On Friday my youngest son and I went to London. We had a meal in China Town before heading for the newly opened Medieval gallery in The British Museum. It was inspirational. It's almost like going into a church because it's somehow imbued with a sense of awe and sacredness. Odd in many ways because although many of the objects would have religious connections equally many would have been used in everyday life. I think the potters would be amazed to see their pots in this setting and not filled with ale on some rustic table. There were large jugs with lively applied decoration. There is one below with low relief modelling of a hunting scene.
I particularly like the small sgraffito bowl from Cyprus.
I've also included a few pots from the 18th century gallery.
Last Thursday I went to collect more clay from the clay pit. There is something wonderful about seeing the clay at source. The pit above is now a pond and teeming with large fish. As I approached the water I was very surprised to see the fish approaching us.
The clay on the trolley is fresh out of the pug mill and on its way to be turned into Kent peg tiles. What a sight though all that soft, plastic warm coloured clay.
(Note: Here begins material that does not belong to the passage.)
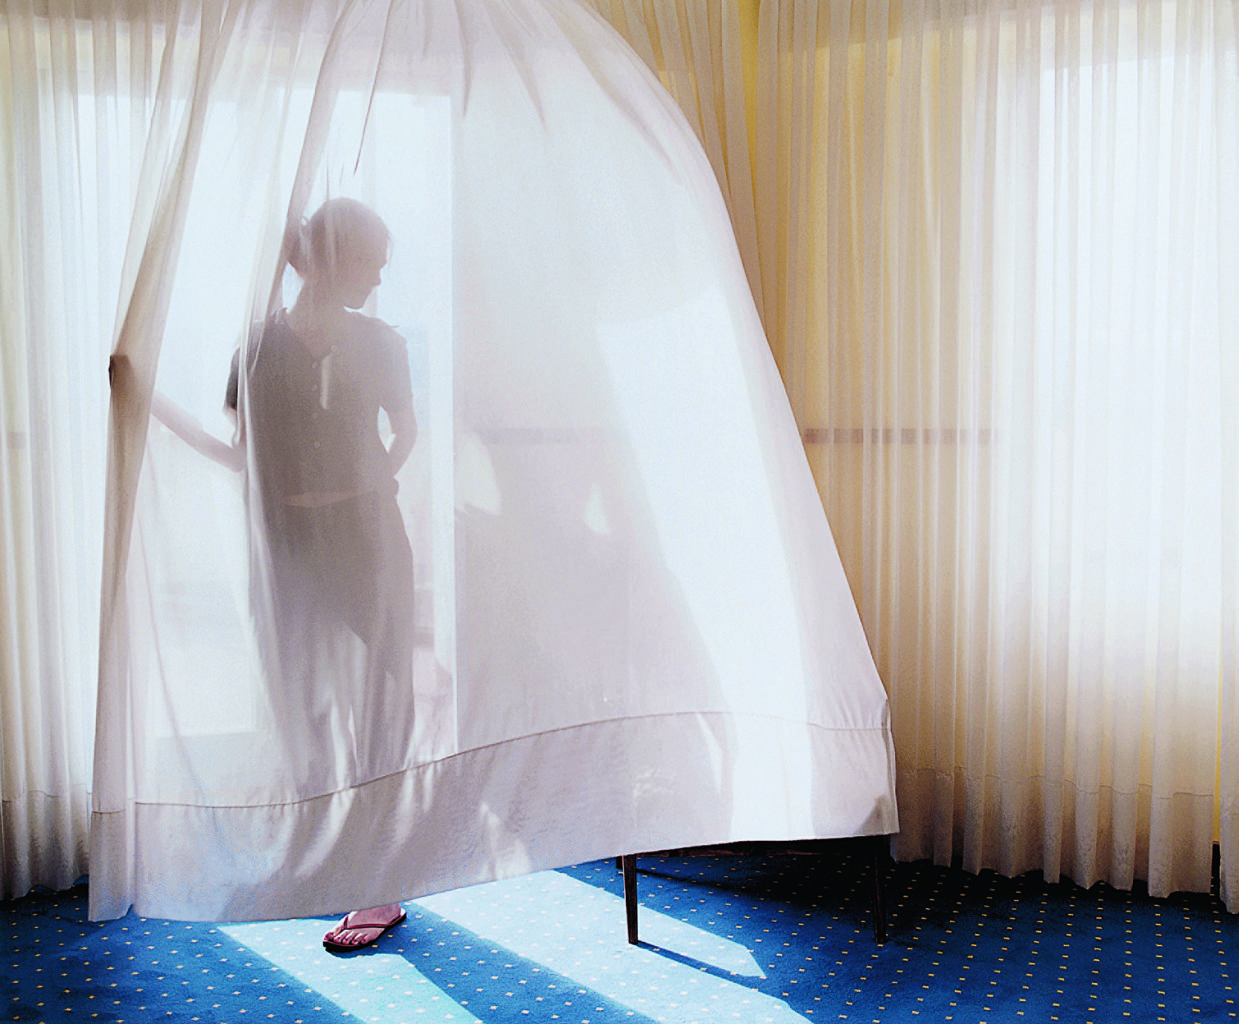 Aino Kannisto, Untitled (Translucent Curtain), 2002, Galerie m Bochum © Aino Kannisto, courtesy: Galerie m Bochum

This is the pile of clay mine has come from. I thought I might follow the pots from clay pit to finished pot. The clay appears to contain plenty of coarse grit but the grit is in fact lime. I have to remove the lime or it will blow out of the pot or bits will flake away where the lime is embedded. Last time I wedged and kneaded it extensively and picked out as much as I could but this time I am thinking of slatting it down and sieving it. If anyone has any ideas please pass them on.